In the past year, I’ve seen three defaults. This explains the initial decrease and then a slight decline over time. I’ve tried to keep up with investing in riskier loans that Lending Club does not price properly. The butter zone for Lending Club notes that I like seem to be around 11 – 13%. So far my investing strategy has worked out well. Based upon other investors, what I’m seeing is to be expected. The peak time to default is around mid-point of a 36 month loan. We’ll have a better perspective next July of my Lending Club performance. That will then be a full 3 years into using Lending Club, and my initial notes will start maturing.

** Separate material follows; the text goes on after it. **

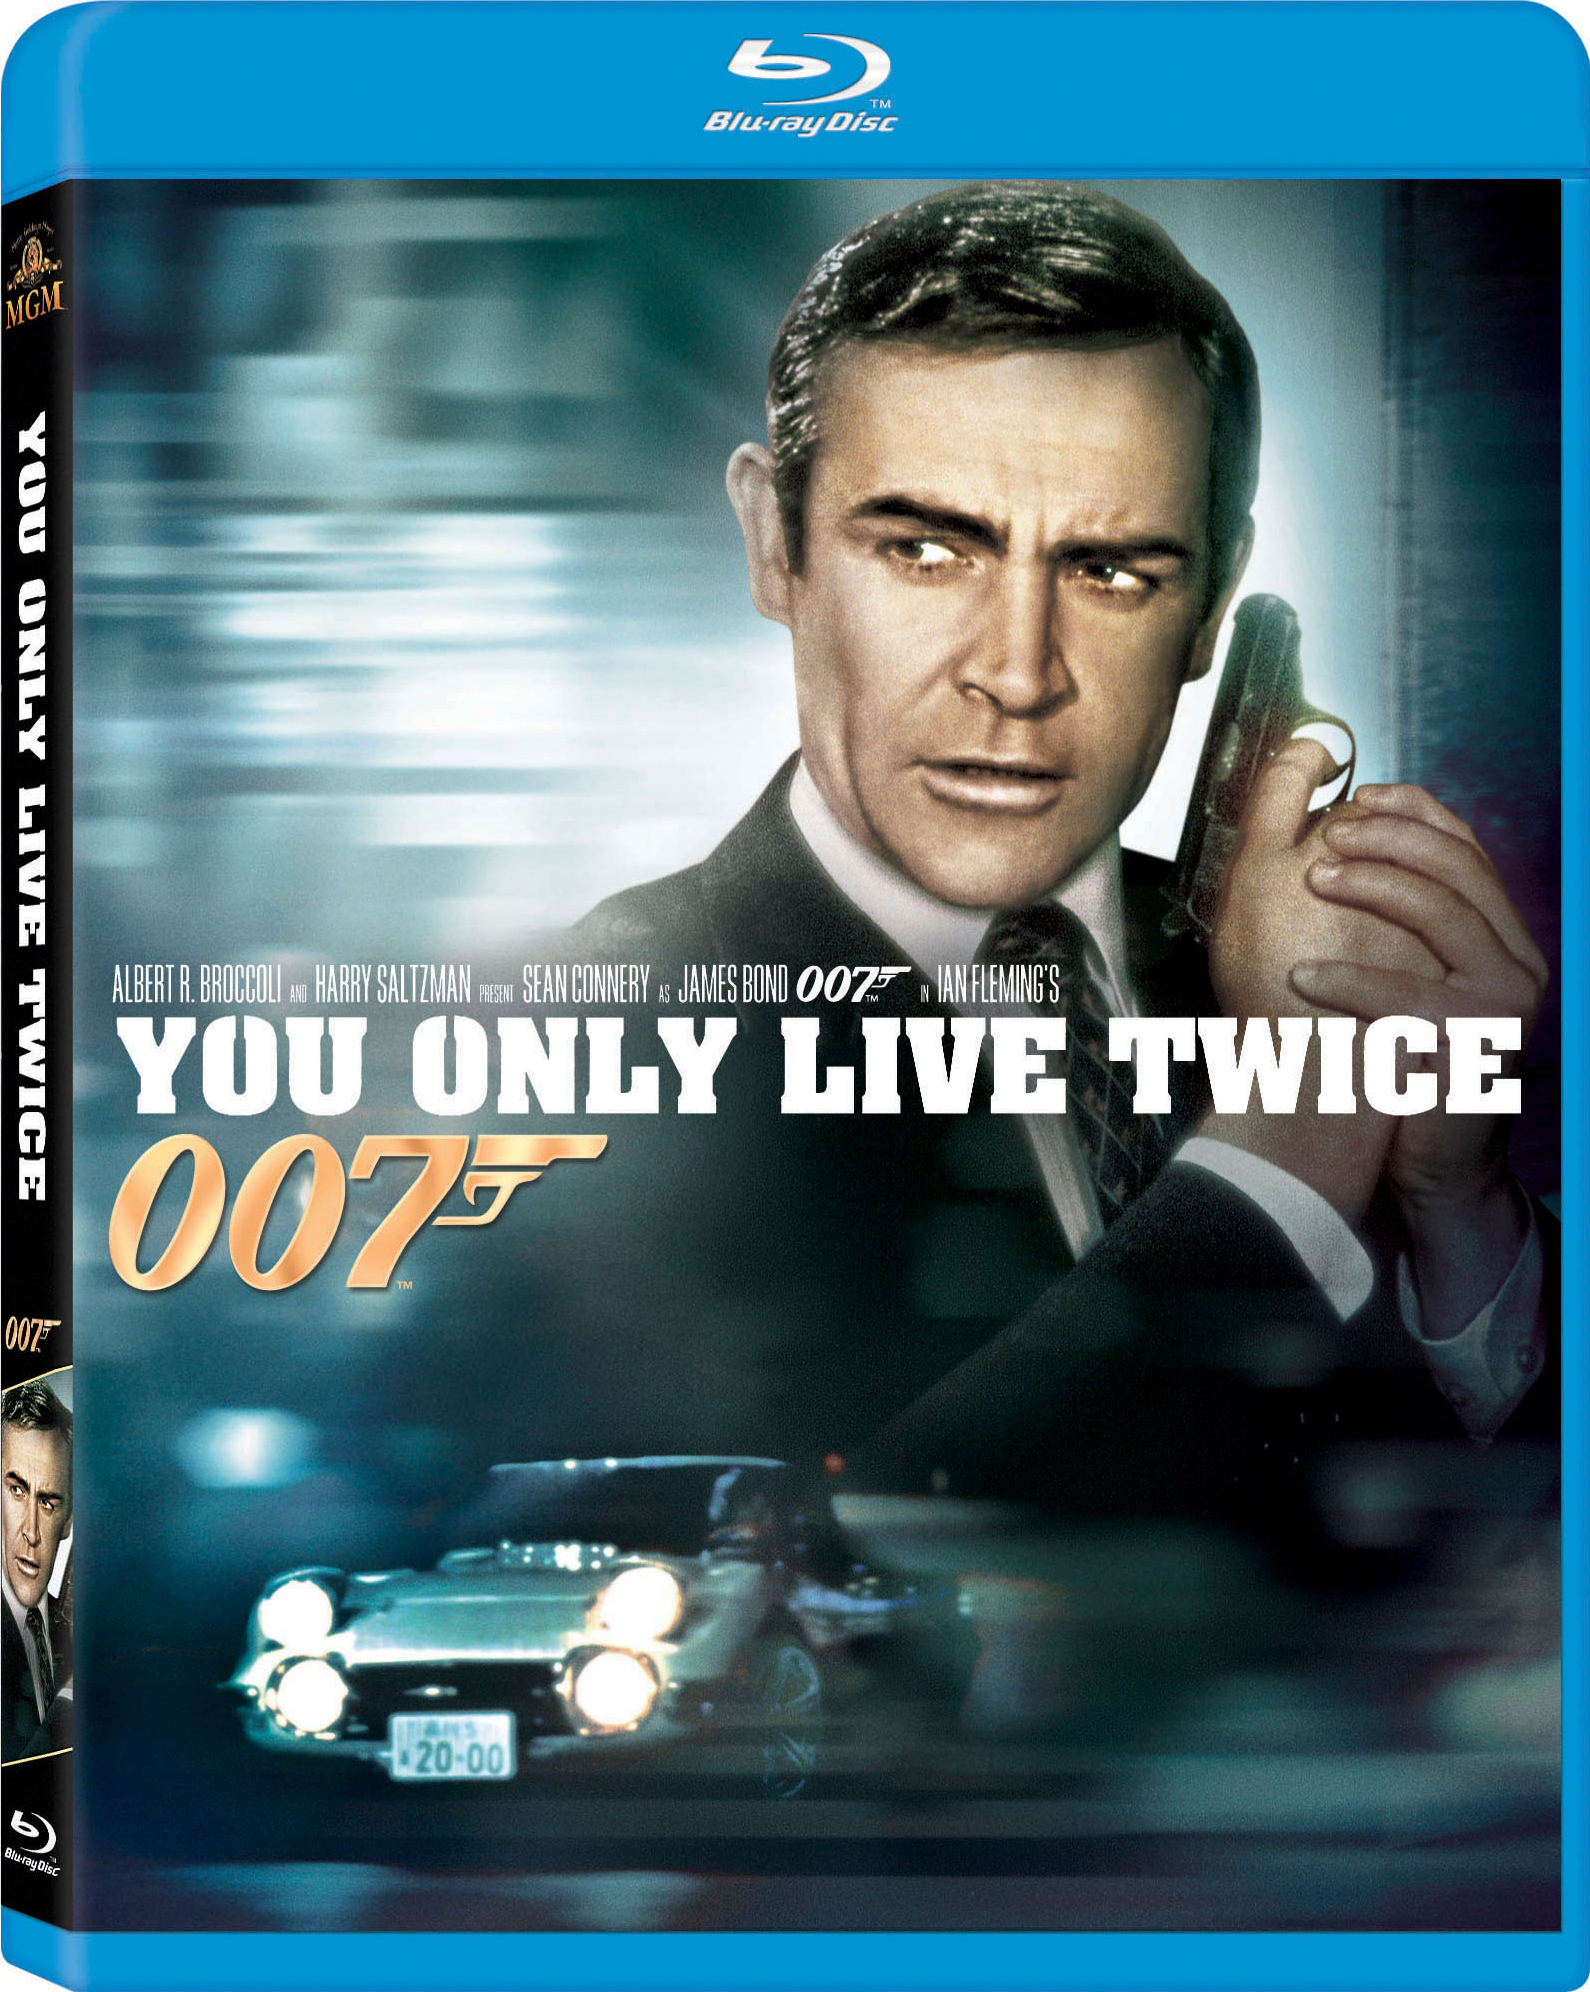 Casino royale 007 full movie free download mp4 gambling sites ireland

Any of your notes pay early? Is that included in your/lending club’s calculations? If someone paid off in 1.5 year it has to kill your return, no (although that is a lot better than the default in 1.5 years lol)
@Evan in the “Notes at a Glance” section in the screenshot above there are 21 notes that have been paid in full. I wouldn’t say paid off notes “kill your return”, as they don’t usually get paid off really early in the loan’s life, which is when you collect the most interest on a note. If anything, paid off notes stall your return for about a month if you’re active about re-investing idle cash (you won’t see the first payment on a new note for at least a month). Sometimes a paid-off note (if paid off late in the note’s life, when interest payments shrink) can boost your return since you’ll re-invest the principal payment into a fresh note that collects more interest from the start.
Jay is correct.
Let me be the first to congratulate you on your WAY ABOVE average returns…………..& way BELOW average number of defaults/chargeoffs. And if memory serves me correctly, you’re doing all this with 3 year loans only. I don’t care what Lending Club’s percentile rankings say,…………..compared to others with 2 full years under their belt your numbers have got to put you in the top 10% of your category. I’m impressed!
Thanks Dan B. Yes what Lending club stats not tally is length of time investing.
I started with Lending Club 21 months ago, I’ve had mixed results so far and I have been trying to take some of the lessons on your blog to reduce my exposure to defaults. Right now I have I’ve invested in 159 notes of which 127 are issued/current to the tune of ~$3,000. Early on I was not very picky about which notes I invested in, typically just choosing the LC recommended notes, and I think I am feeling the effects now. I’ve had 8 defaults/charge offs total plus I currently have 8 more notes late. All in all that means that I am running at a 5% default rate with the chance of that running up to 10%… I’m still running a positive overall return of about 8%, which I can’t complain about. Obviously I know that my returns are not guaranteed, I do however feel generally frustrated with the LC recommendations, and that I’m so far not matching their expected default rates… Do you have any recommendations for what to do with late loans? Should I hold on to them or try to sell?